Assume a box that contains $20$ colored balls.
\begin{align} &-Red: 2 \\ &-Blue: 1 \\ &-White: 4 \\ &-Orange: 3 \\ &-Black: 5 \\ &-Yellow: 2 \\ &-Green: 3 \end{align} The possible ways to put all those $20$ in order are: $$ N_{20}=\frac{20!}{2!1!4!3!5!2!3!} $$ However, what if we want to pick only $5$ and put them in order? I tried picking ordered groups of $5$ out of $20$ but ended up double-counting. Any hints?
On
Fine, here we have 20 balls they aren't identical (by means of color) and you want to pick only 5 from them, order them and find out in how many ways we can do that if yes . It is indeed a very big problem when you pick 5 from 20 we are also considering the probability of picking up balls (each of different colors). So we need to consider the probability of picking a red, blue, white, orange, black, yellow, green which will get quite complex and will split up eventually into many cases. We need to order them after this in order to find out answer for your question !!
[edit]: or as the comment suggests you can also use exponential generating functions to solve this in a much more easier way
Strategy
Notice that $5$ can be partitioned in the following ways. \begin{align*} 5 & = 5\\ & = 4 + 1\\ & = 3 + 2\\ & = 3 + 1 + 1\\ & = 2 + 2 + 1\\ & = 2 + 1 + 1 + 1\\ & = 1 + 1 + 1 + 1 + 1 \end{align*} This allows us to consider cases.
Five balls of one color: We must select the black balls, then fill all five positions with them.
Four balls of one color and one ball of a different color: We have two choices for which color to use for the four balls of the same color. Choose four of the five positions for that color. Choose one of the other six colors to fill the remaining position.
Three balls of one color and two balls of a different color: We can have four choices for which color to use for the three balls of the same color. Choose three of the five positions for that color. No matter which color we have used, we are left with five choices for the color to use for the two balls of the same color. Those balls must fill the remaining two positions.

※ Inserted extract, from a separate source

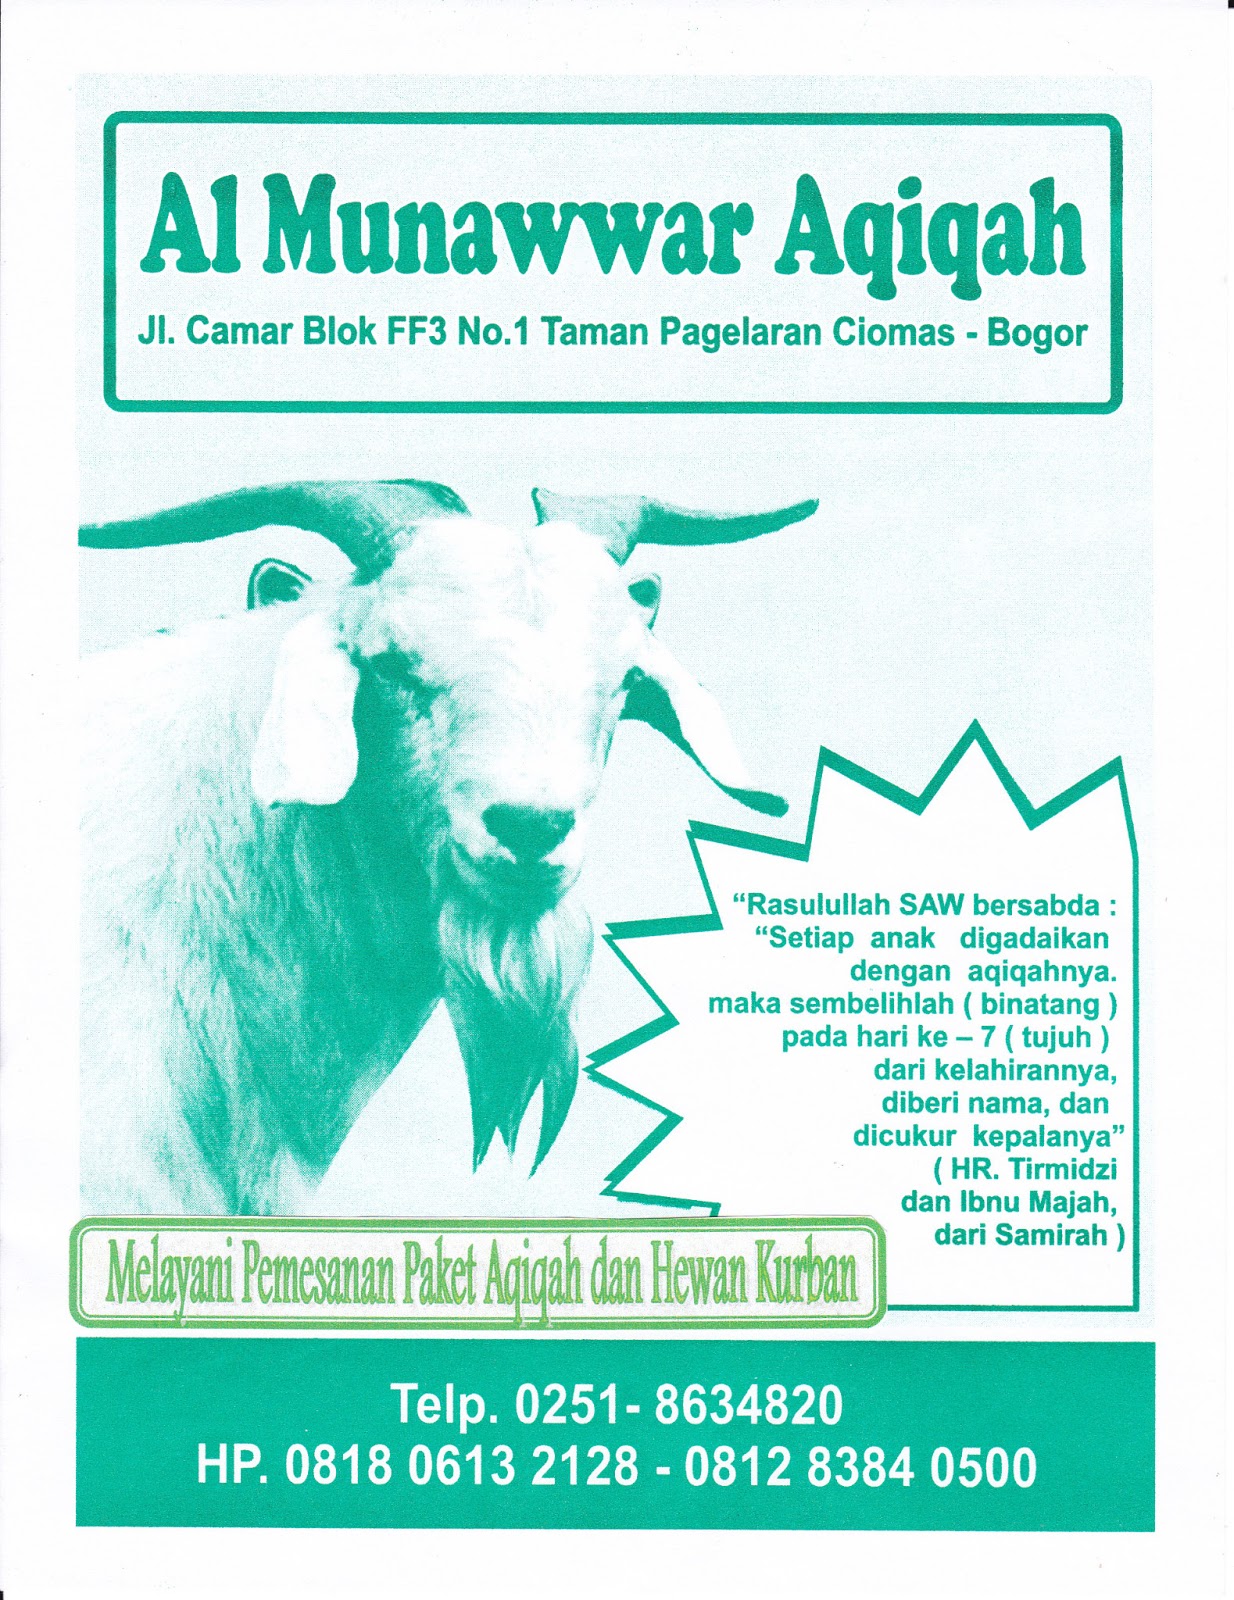 Al Munawwar Aqiqah
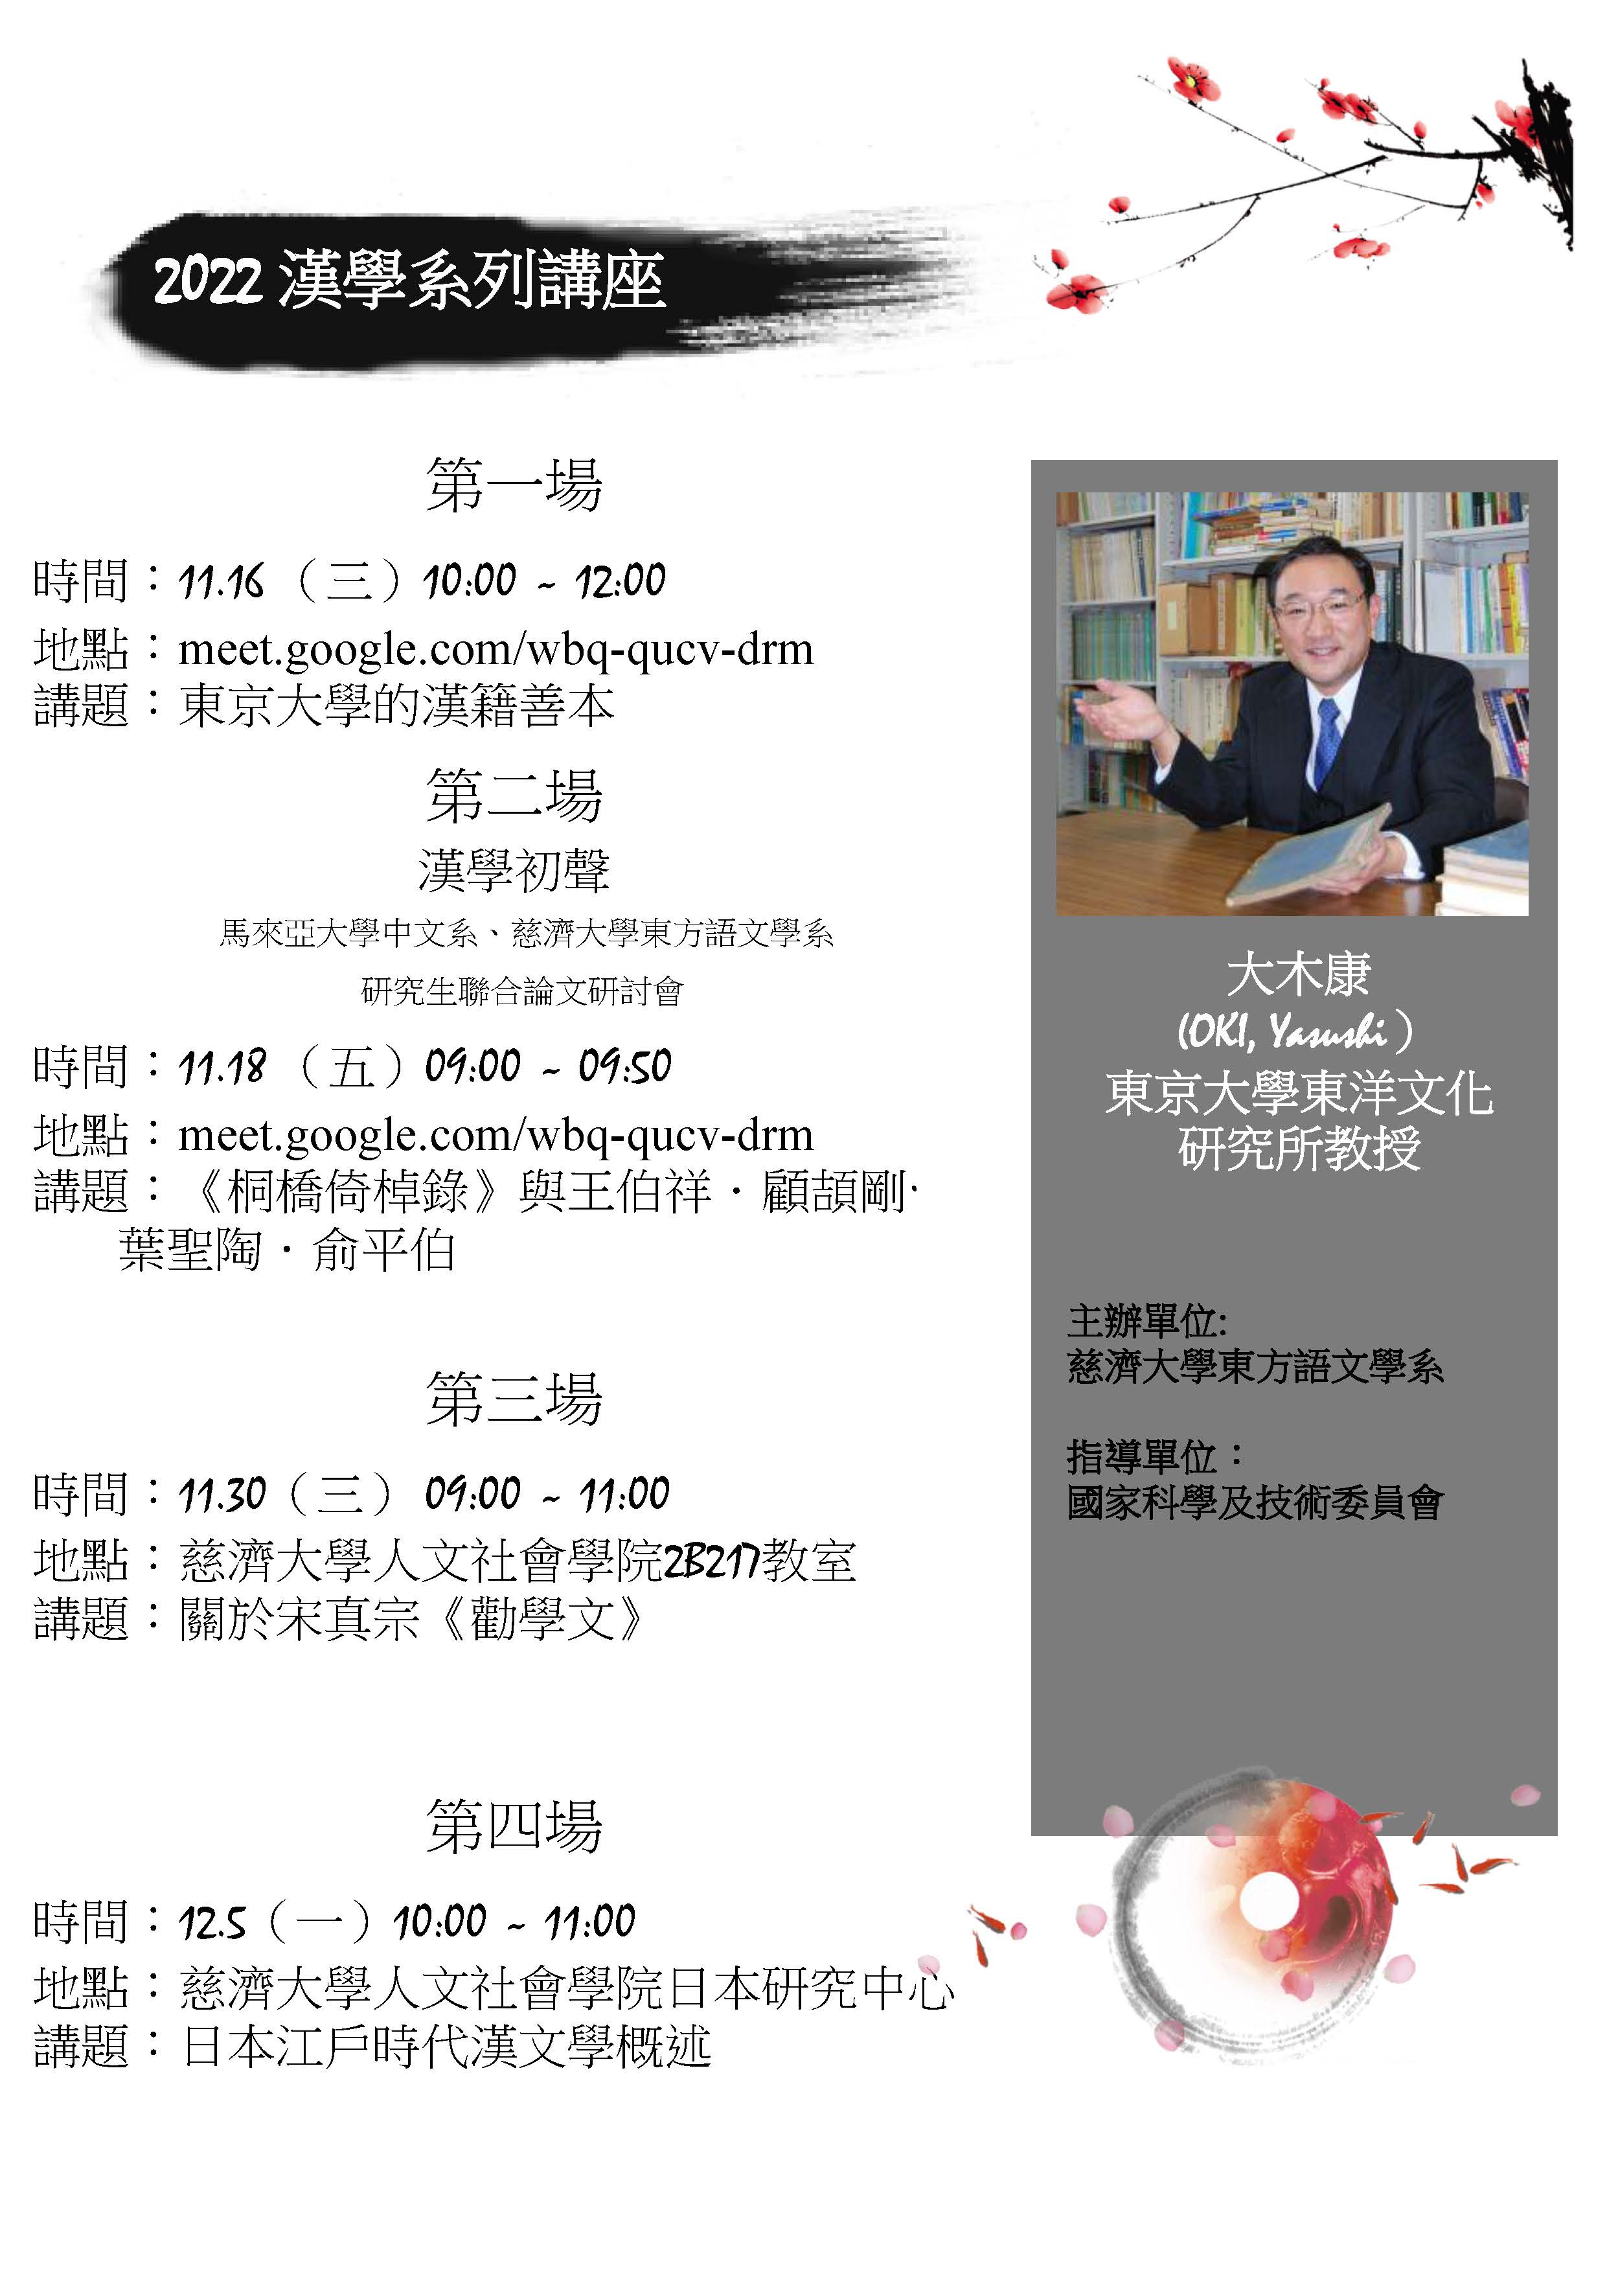 大木康教授訪臺公開演講

Three balls of one color and one ball each from two of the other colors: We have four choices for which color to use for the three balls of the same color. Choose three of the five positions for that color. That leaves us with six colors from which to choose the remaining two colors. Arrange those two distinct balls in the remaining two positions.
Two balls each of two colors and one ball from one of the other colors: We have six choices for which colors to use for the two pairs of balls of the same color. Choose two of the five positions for the selected color that appears first in an alphabetical list. Choose of the the remaining three positions for the other selected color. Choose one of the other five colors to fill the remaining position.
Two balls of one color and one ball each from three other colors: We have six choices for which color to use for the pair. Choose two of the five positions for that color. Choose three of the remaining six colors. Arrange those three distinct balls in the remaining three positions.
One ball from each of five colors: Choose five of the seven colors. Arrange the five distinct balls in the five positions.